● ABOUT THIS EXERCISE
Look below for the line that contains "BABY BABY! – New Baby Card" and the line that contains "The Demidoff Table.", then restate both of them and every line in between, exactly. No picture goes in the copy.

● EXTRACTED DATA
# # # # #

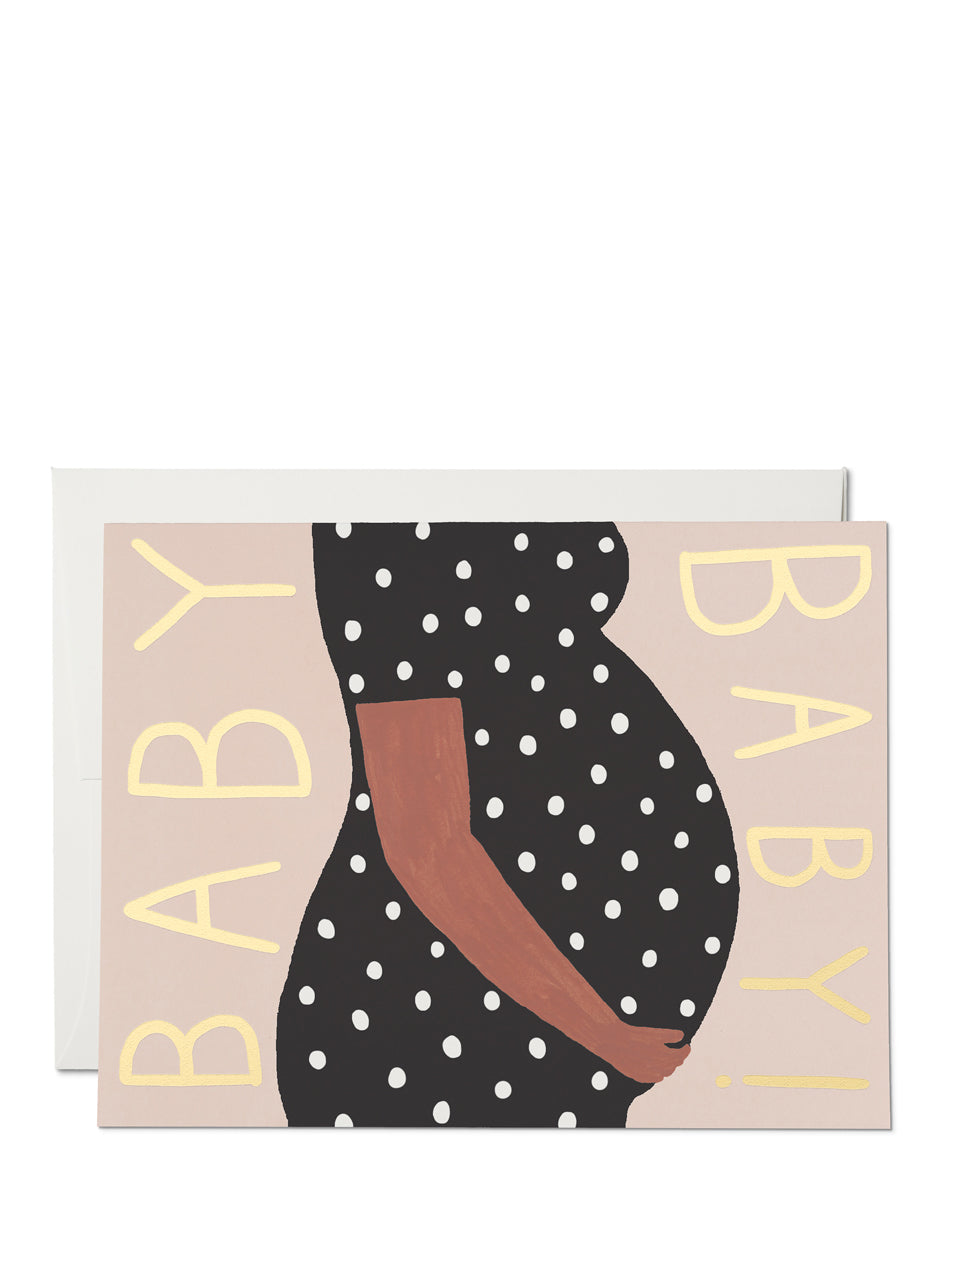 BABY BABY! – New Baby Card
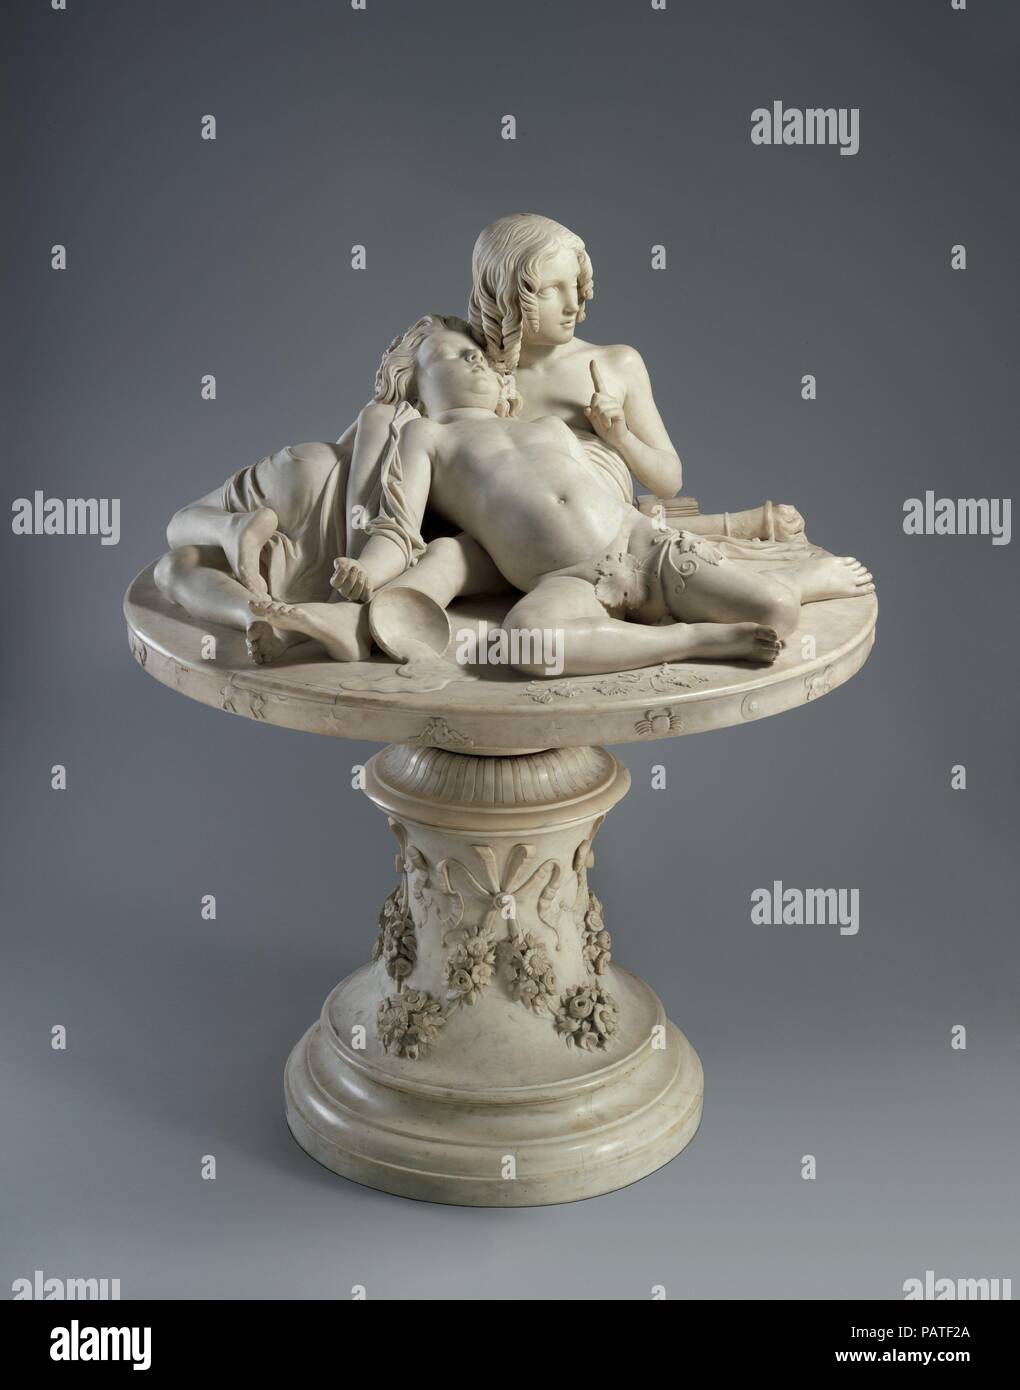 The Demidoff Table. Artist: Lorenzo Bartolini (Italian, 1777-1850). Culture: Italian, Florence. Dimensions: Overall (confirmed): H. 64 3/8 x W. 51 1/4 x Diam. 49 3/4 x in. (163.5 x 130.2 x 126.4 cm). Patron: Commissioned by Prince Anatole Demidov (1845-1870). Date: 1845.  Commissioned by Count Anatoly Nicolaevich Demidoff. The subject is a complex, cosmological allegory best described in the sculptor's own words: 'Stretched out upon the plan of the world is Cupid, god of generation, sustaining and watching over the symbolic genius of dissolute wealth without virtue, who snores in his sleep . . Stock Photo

# # # # #

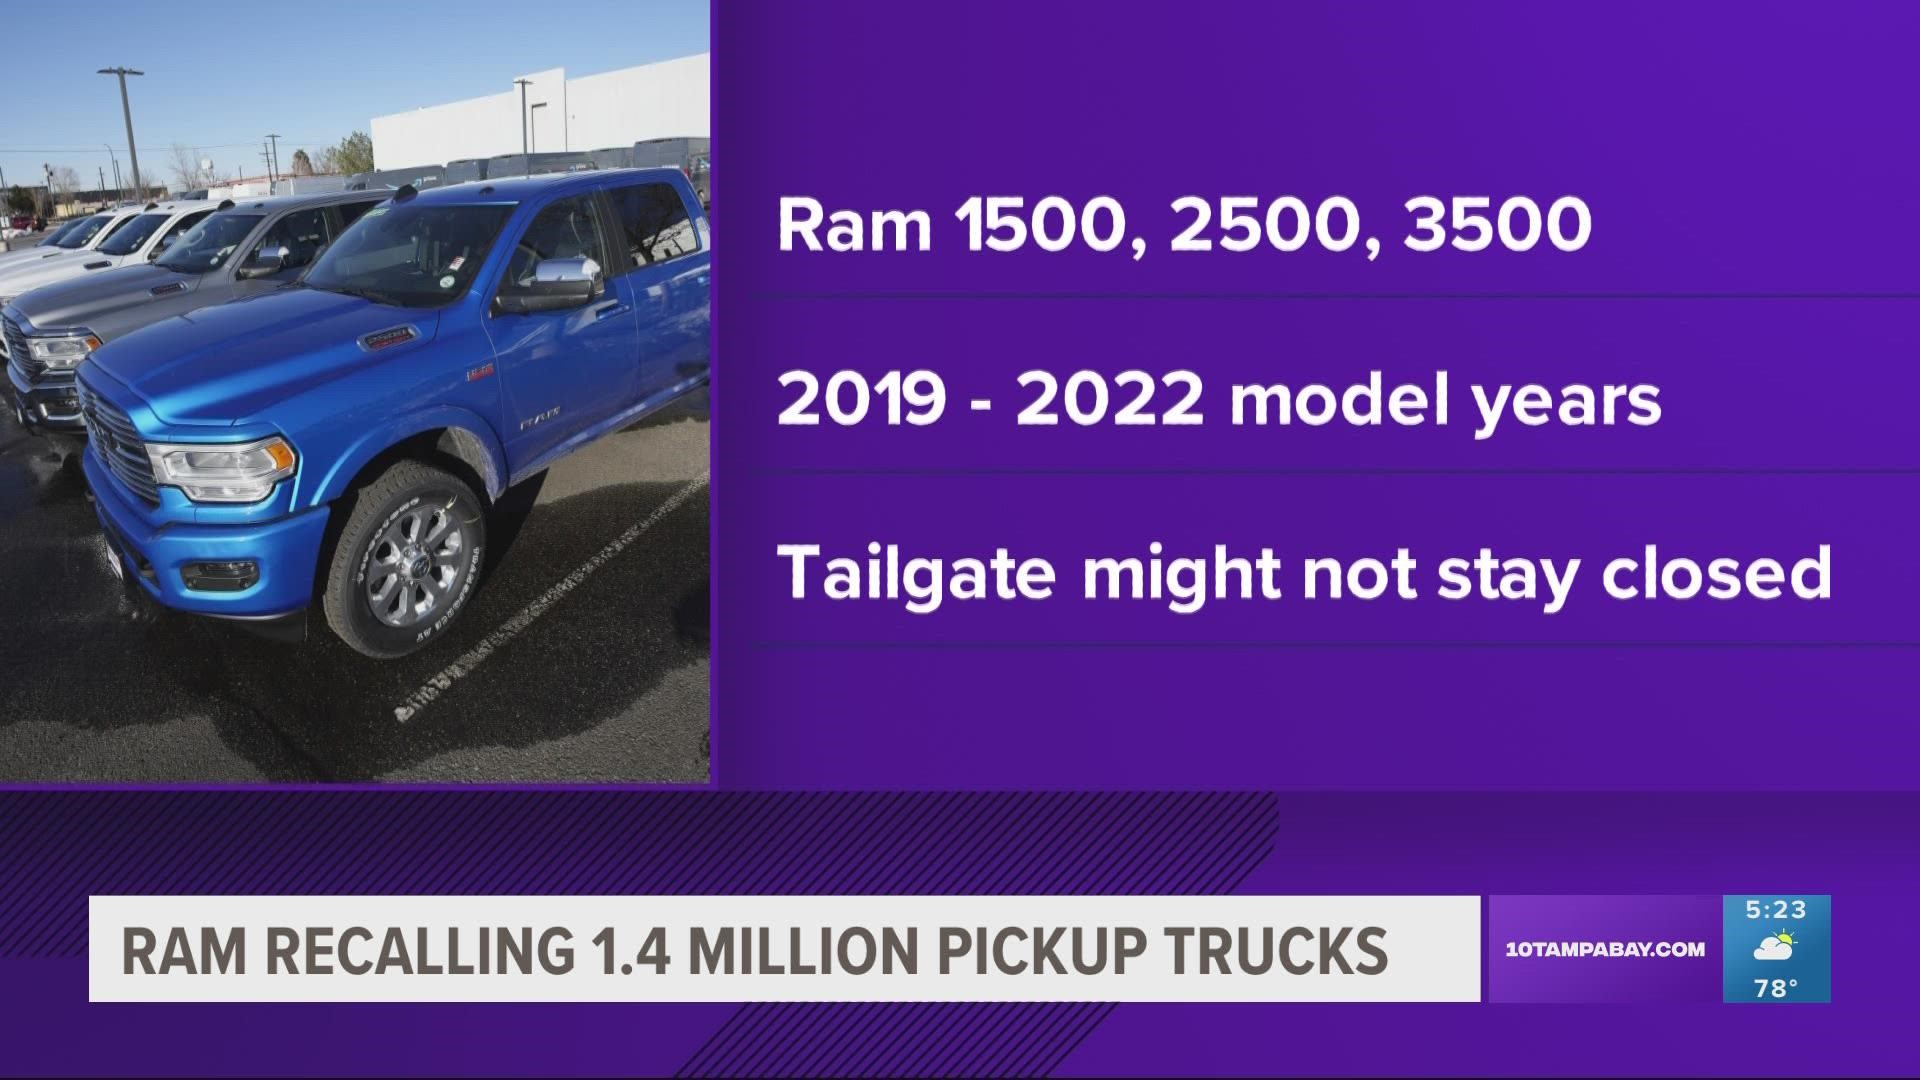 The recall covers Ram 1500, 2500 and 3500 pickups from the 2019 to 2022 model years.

# # # # #

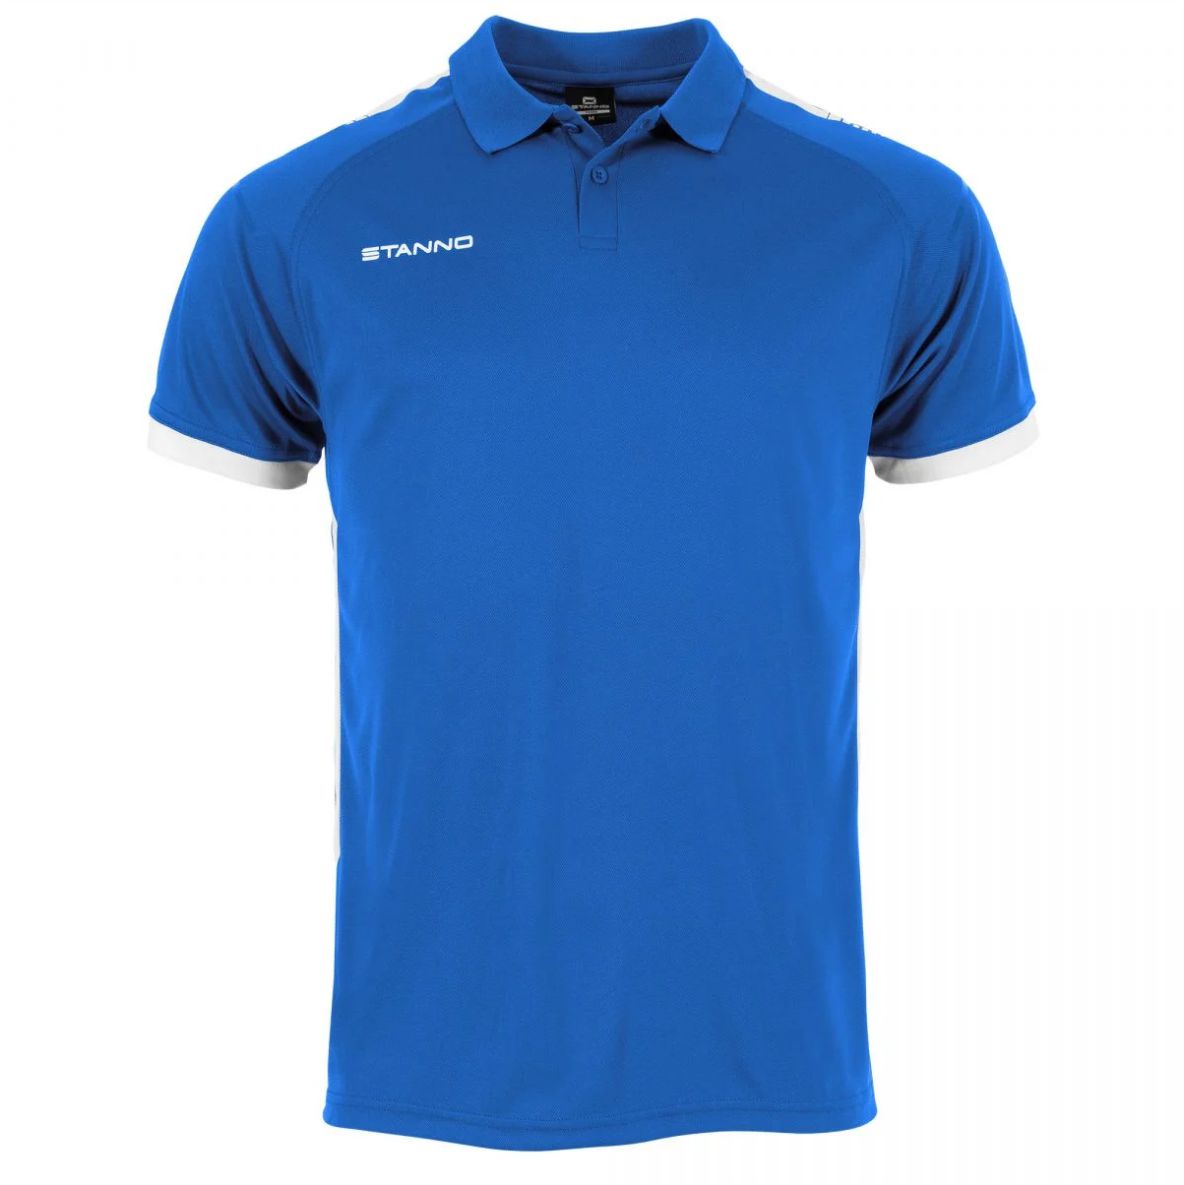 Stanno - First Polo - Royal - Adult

# # # # #

● TASK OUTPUT
 BABY BABY! – New Baby Card
 The Demidoff Table. Artist: Lorenzo Bartolini (Italian, 1777-1850). Culture: Italian, Florence. Dimensions: Overall (confirmed): H. 64 3/8 x W. 51 1/4 x Diam. 49 3/4 x in. (163.5 x 130.2 x 126.4 cm). Patron: Commissioned by Prince Anatole Demidov (1845-1870). Date: 1845.  Commissioned by Count Anatoly Nicolaevich Demidoff. The subject is a complex, cosmological allegory best described in the sculptor's own words: 'Stretched out upon the plan of the world is Cupid, god of generation, sustaining and watching over the symbolic genius of dissolute wealth without virtue, who snores in his sleep . . Stock Photo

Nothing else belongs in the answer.